Он снова лежал, подложив руки под голову, смотрел сквозь темную бузинную листву в знойное голубое небо и мурлыкал старинную народную песню о Рейне. Я до сих пор помню последний куплет:

Раньше я красную юбку носила,
Теперь буду в черной юбке ходить,
Лет шесть или семь мне траур носить,
Пока не истлеет в гробу мой милый[8 - Перевод Э. Венгеровой.].

Поздно вечером мы сидели друг против друга на темной опушке рощи, каждый с большим ломтем хлеба и половиной охотничьей колбасы, жевали и смотрели, как ночь вступает в свои права. Всего минуту-другую назад холмы купались в золотом вечернем зареве, расплывались в мягко-текучей дымке света, теперь же обернулись четкими сумрачными силуэтами, а деревья, поля на склонах и заросли кустов черным контуром проступали на фоне неба, которое еще сохраняло чуточку дневной голубизны, но уже наливалось глубокой ночной синью.
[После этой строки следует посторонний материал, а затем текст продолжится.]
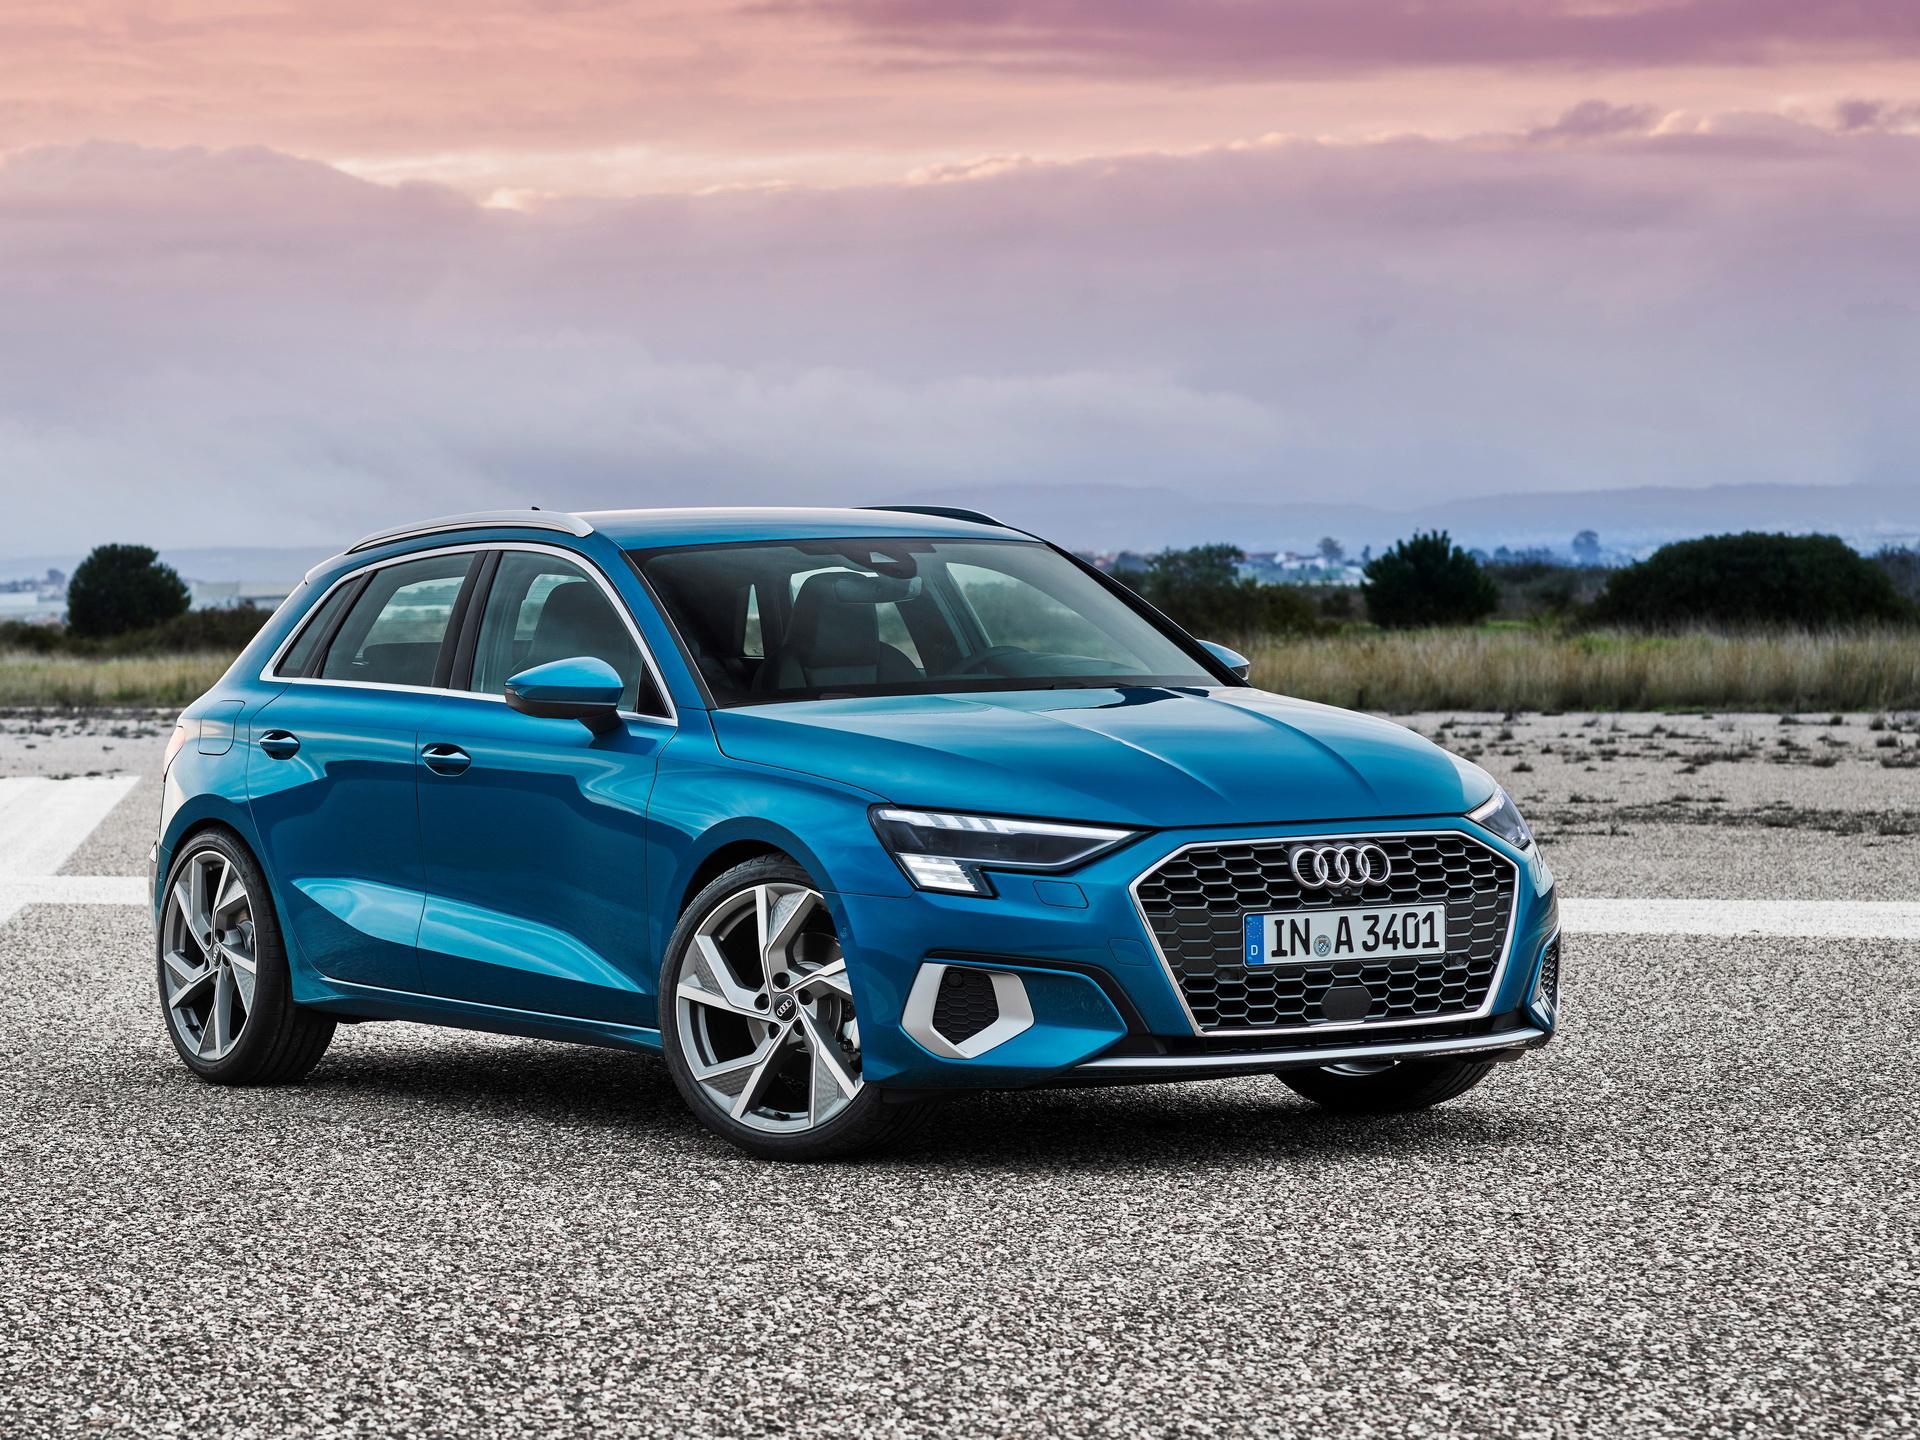 Kelebihan Audi M3 Top Model Tahun Ini

Пока было светло, мы вслух читали друг другу потешные рифмы из книжицы под названием «Напевы муз из немецкой шарманки», содержавшей сплошь незатейливые и не вполне пристойные шуточные песни вкупе с небольшими гравюрами на дереве. Но свет угас, положив конец нашему развлечению. После ужина Кнульпу захотелось послушать музыку, я вытащил из кармана губную гармонику, но в ней оказалось полно хлебных крошек, и пришлось сперва прочистить ее, а потом сыграть несколько популярных мелодий. Темнота, окружавшая нас уже некоторое время, успела затопить просторный холмистый ландшафт, последние блеклые отсветы на небе тоже померкли, и мало-помалу в густеющей черноте одна за другой загорались звезды. Легкие, прозрачные звуки гармоники улетали в поля и вскоре терялись в воздушных далях.